Leur affrontement atteint son paroxysme : Ermakov qualifie Malinine de « mal incarné », capable de tromper les gens avec ses fables, et s’en va, se retenant de justesse. La coexistence de deux individus aux conceptions opposées de la justice devient un thème récurrent du récit.
Finale : rallye et forêt
Un rassemblement et l’inauguration d’un monument à la mémoire des deux Timonine – le père, Mikhaïl, décédé après la guerre, et le fils, Evgueni – ont lieu en ville. Une équipe de télévision, menée par Marina, filme Golovanov, qui évoque ses liens de toujours avec la famille. Pendant ce temps, l’enquête d’Ermakov se poursuit : le dysfonctionnement de la locomotive est avéré, mais Goubkine s’est officiellement rétracté et Panteleïev est mort.
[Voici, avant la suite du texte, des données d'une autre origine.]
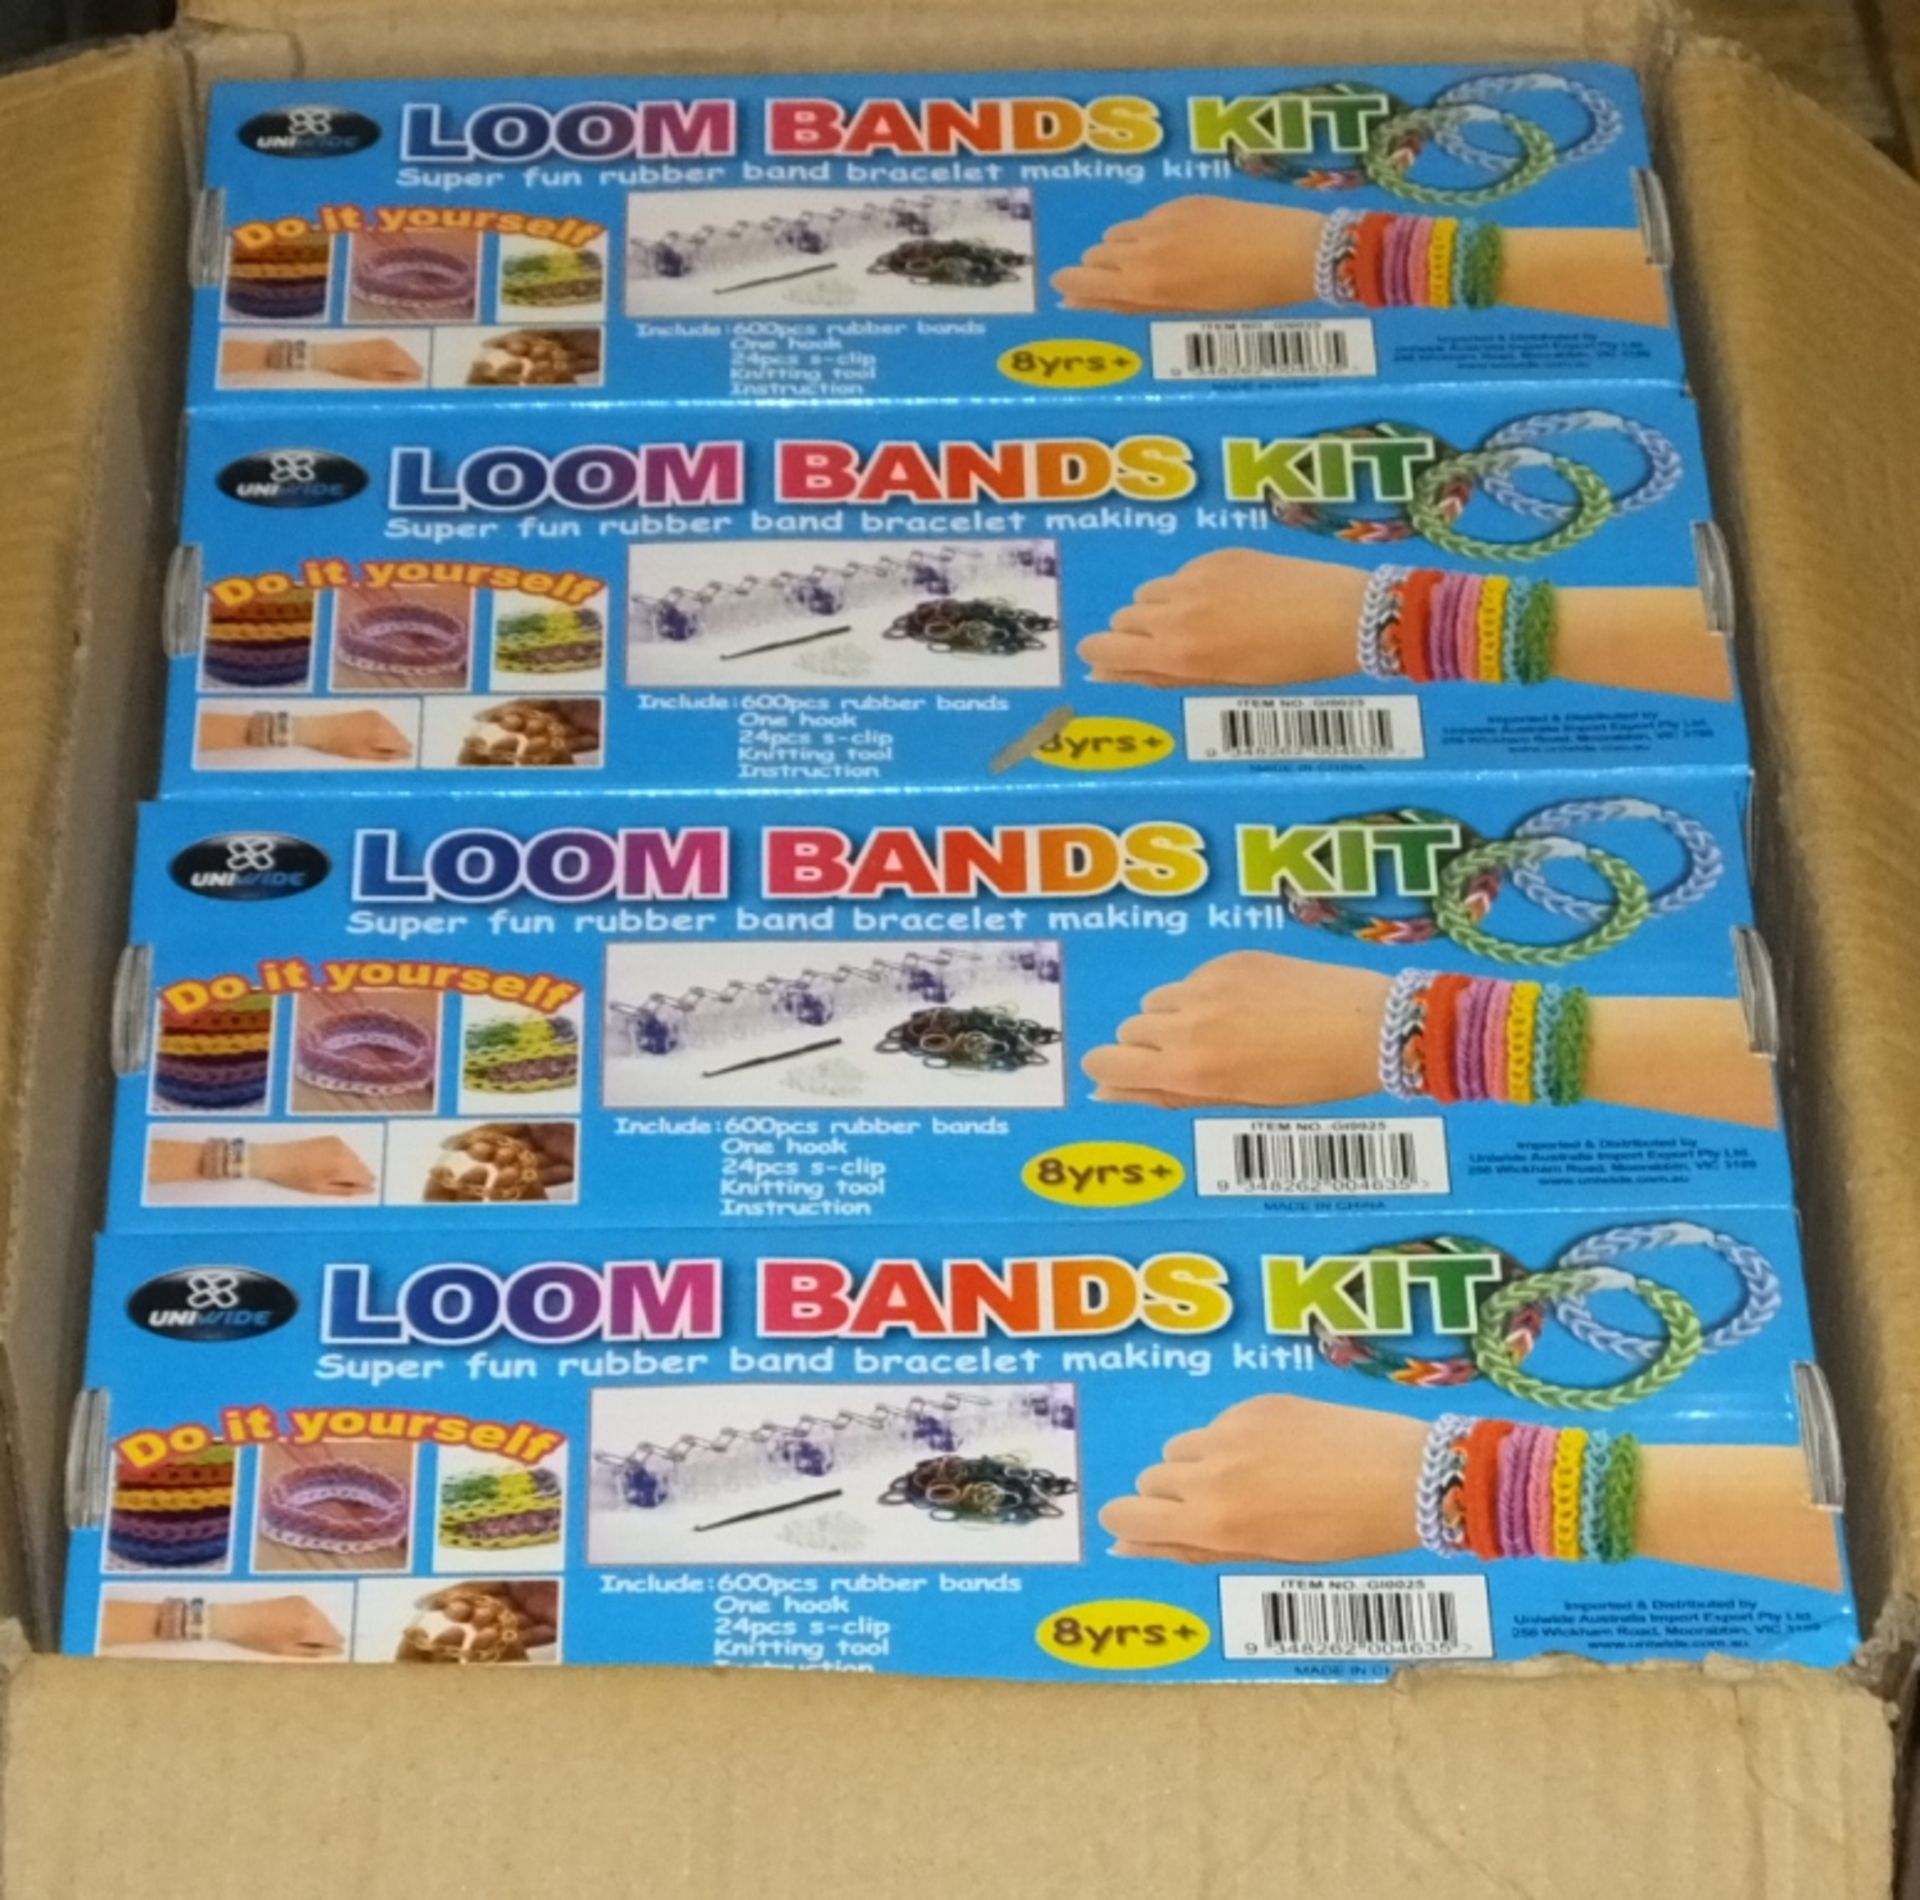 Loom band kits - 100 per box - 5 boxes, 480 per box - 4 boxes - Image 2 of 3

Les anciens passagers du train tragique se rassemblent pour une marche commémorative en forêt. Parmi eux, Malinin et Marina. Ils déambulent sur le sentier, croisant d’autres personnes impliquées dans la catastrophe de ce matin-là : certains prennent leur petit-déjeuner dans une clairière, d’autres cueillent des framboises, d’autres encore dorment. Malinin s’allonge dans l’herbe. La forêt résonne de voix.